Industrial Commission The legislative goals of these statutes include promoting development of oil and gas, preventing waste, enhancing recovery of oil and gas, protecting the correlative rights of all owners, and encouraging practices that enhance secondary recovery for the benefit of surface owners, mineral owners, oil companies, and the general public (based on N.D.C.C. §38-08-01). The Industrial Commission describes its goals as conserving the State’s natural resources, preventing waste of oil and gas resources, and protecting the correlative rights of all owners of crude oil and natural gas (based on N.D.A.C. §43-02-03-02). Responsibilities of the Industrial Commission include (based on N.D.A.C. chap. 43-20-03):
Responsibilities also include oversight of royalty statements, stripper wells, workovers, secondary recovery, horizontal drilling, and exploration (see N.D.A.C. chaps. 43-02-06, 43-02-08 through -12). Regulation of exploration is primarily to protect surface owners (N.D.C.C. §38-11.1-02). The other topics on this list impact mineral owners, but are beyond the scope of the discussion of this web site.
Well Spacing and Pooling
Oil and gas wells must be drilled in accordance with state oil and gas conservation regulations. Among the more important conservation regulations are spacing and density regulations and compulsory pooling.

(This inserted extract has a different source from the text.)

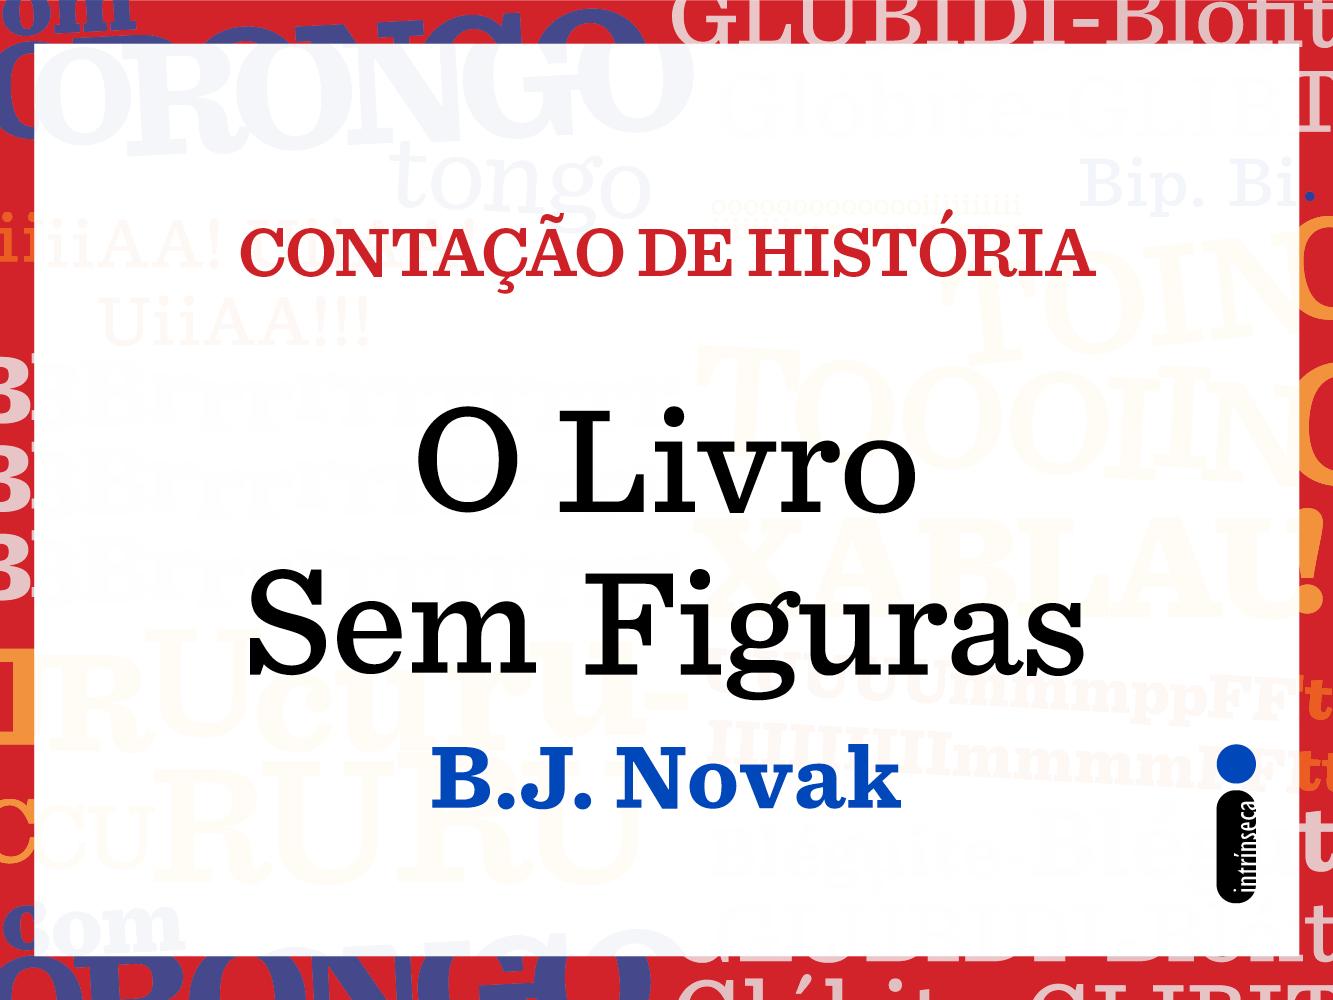 Contacao_O livro sem figuras_Facebook
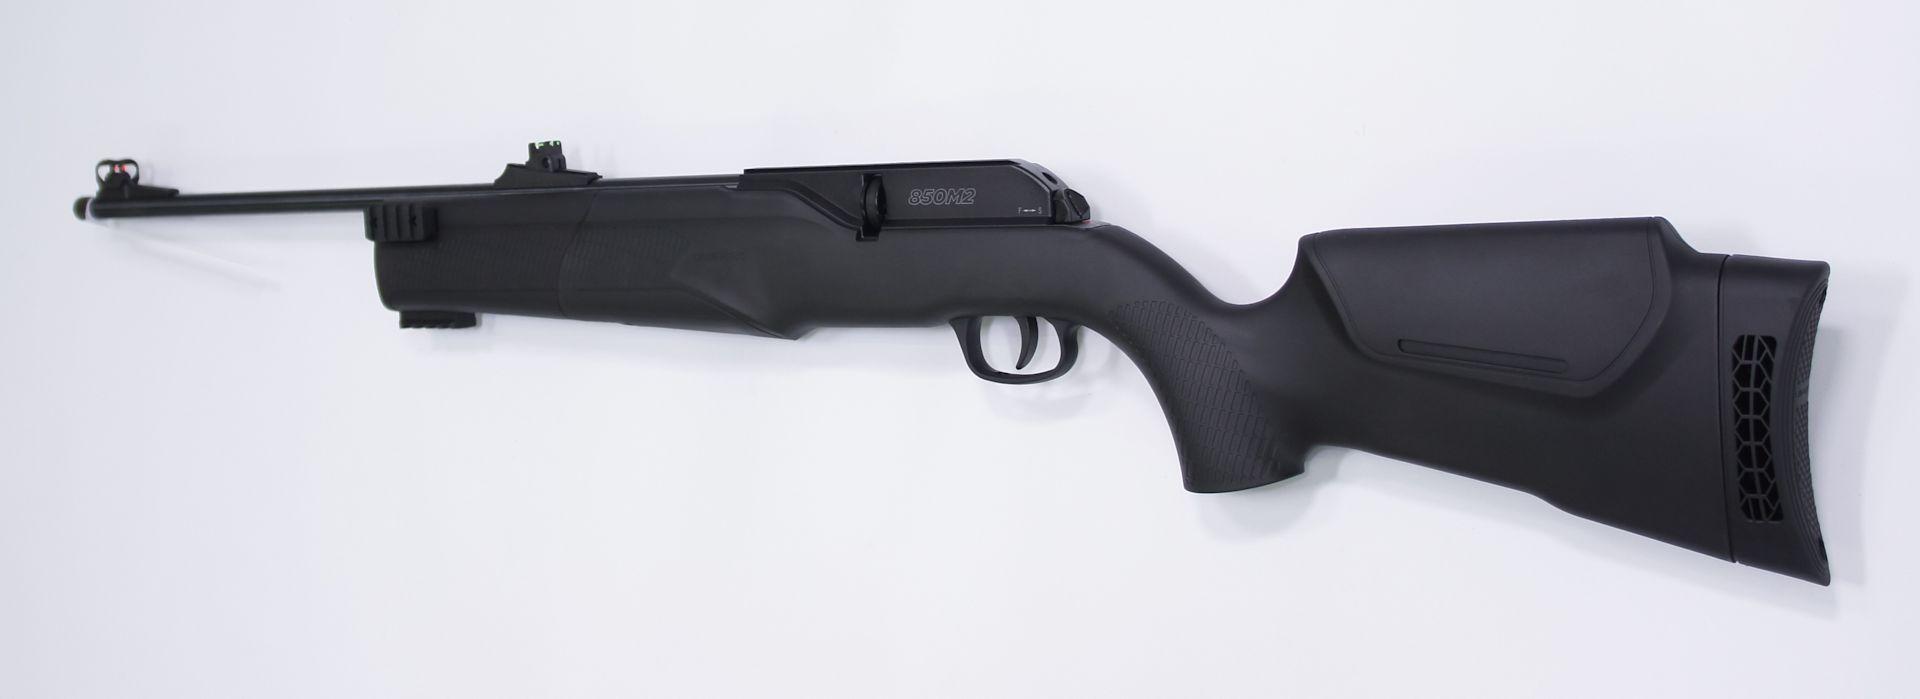 Das CO2-Luftgewehr Umarex 850 M2 bietet gegenüber senem Vorgängermodell einige Neuheiten.

Spacing and density regulation limits the number of wells that may be drilled into an oil or gas reservoir by establishing drilling units (also called spacing units). The Industrial Commission establishes the size of drilling units for each reservoir (e.g., a minimum of 320 acres or a surveyed half section). Spacing prevents the waste of oil, gas, reservoir energy, and money that may result if too many wells are drilled into a given reservoir. In any given area, there may be more than one oil reservoir at one level, or there may be a number of separate oil reservoirs stacked at different geological levels. Thus, spacing and density regulations vary from reservoir to reservoir.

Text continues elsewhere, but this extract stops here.